= Pentonville Five =

Group of British trade union shop stewards imprisoned in 1972

The Pentonville Five were five shop stewards who were imprisoned in July 1972 by the National Industrial Relations Court for refusing to obey a court order to stop picketing a container depot in East London. Their arrest and imprisonment led to the Trades Union Congress (TUC) calling a general strike.

==Injunction==
The events took place against the background of a clash between the Conservative government of Edward Heath and the trade union movement, involving the first national miners’ strike in Britain since 1926, with mass picketing, and clashes between police and workers.

Dockers at the Chobham Farm container depot, Temple Mills, Newham, were unofficially striking and picketing the site.

The National Industrial Relations Court (NIRC) had issued an injunction barring further picketing, following an application by Midland Cold Storage Company.

==Arrest==
Picketing continued despite the injunction. Five shop stewards were named by private investigators for the cold storage company – Conny Clancy, Tony Merrick, Bernie Steer, Vic Turner and Derek Watkins. Warrants were issued by the court for their arrest for contempt of court, and they were imprisoned on 21 July 1972.

==Protests==
Following their arrest, a rolling series of strikes began to cause work stoppages until there was virtually an unofficial national strike.

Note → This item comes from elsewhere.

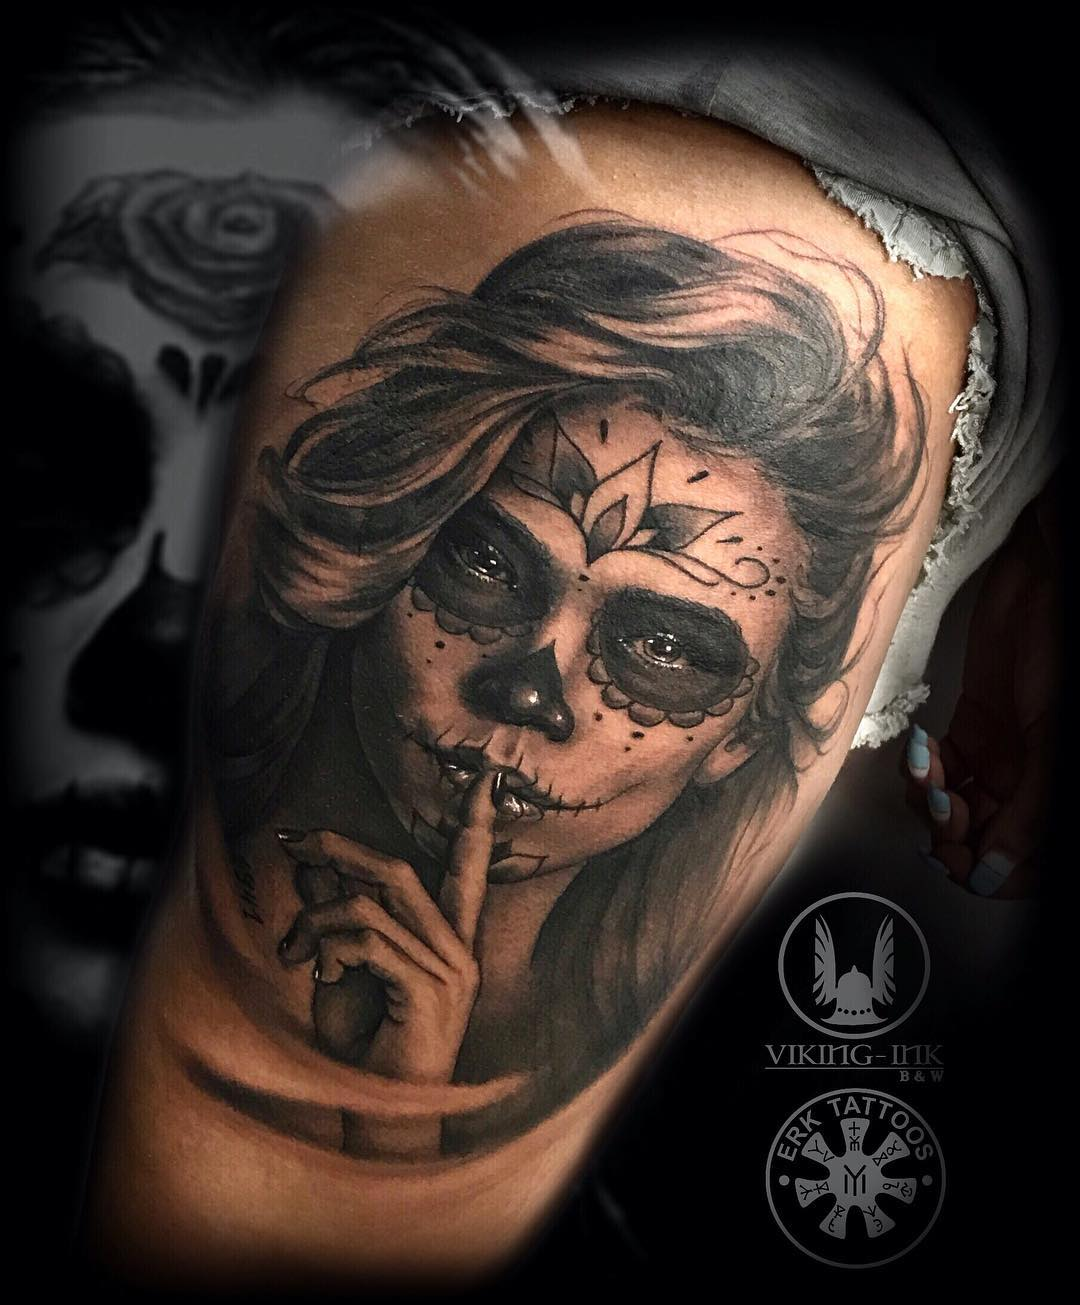 Tatuaje De Catrina Obsession Tattoo

The Trades Union Congress (TUC) then called for an official national strike on 31 July, demanding the release of the five shop stewards.

Thousands of striking workers marched through North London to Pentonville Prison.

==Release==
The "Five" were released within a week of their arrest when the Official Solicitor Norman Turner, on receipt of the papers, successfully applied to the Court of Appeal. The Official Solicitor is a court official who represents those who are unable to represent their own interests. For this case, he was assisted in the Court of Appeal by barrister John Vinelott, later a High Court judge. The Official Solicitor was successful in his application to overturn the arrest warrants, on the grounds that the National Industrial Relations Court had insufficient grounds to deprive them of their liberty and that the evidence of the private investigators was insufficient.

==Legacy==
Vic Turner continued to work in the docks, transferring from the Royal Docks to Tilbury. However he left the docks under the voluntary redundancy scheme and started working for Newham London Borough Council. He was then elected a councillor and served for many years before being elected mayor. During this period he was also presented with the Transport and General Union Gold Medal for his work for the union.

===Deaths===
- Vic Turner died on 30 December 2012, at the age of 85.
- Cornelius "Conny" Clancy died in Hackney in 2016, at the age of 70.
- Tony Merrick died in August 2020, at the age of 83.
- Derek Watkins later suffered from Parkinson's disease and died on 21 August 2021, at the age of 83.
- Bernie Steer died on 21 July 2022, at the age of 83. He was the last surviving member of the group.

==Film==
The radical film group Cinema Action made a documentary called Arise Ye Workers during the struggle, which was released in 1973. The film won the Silver Dove at the Leipzig Film Festival and was screened by the jailed dockers on the anniversary of their release from jail.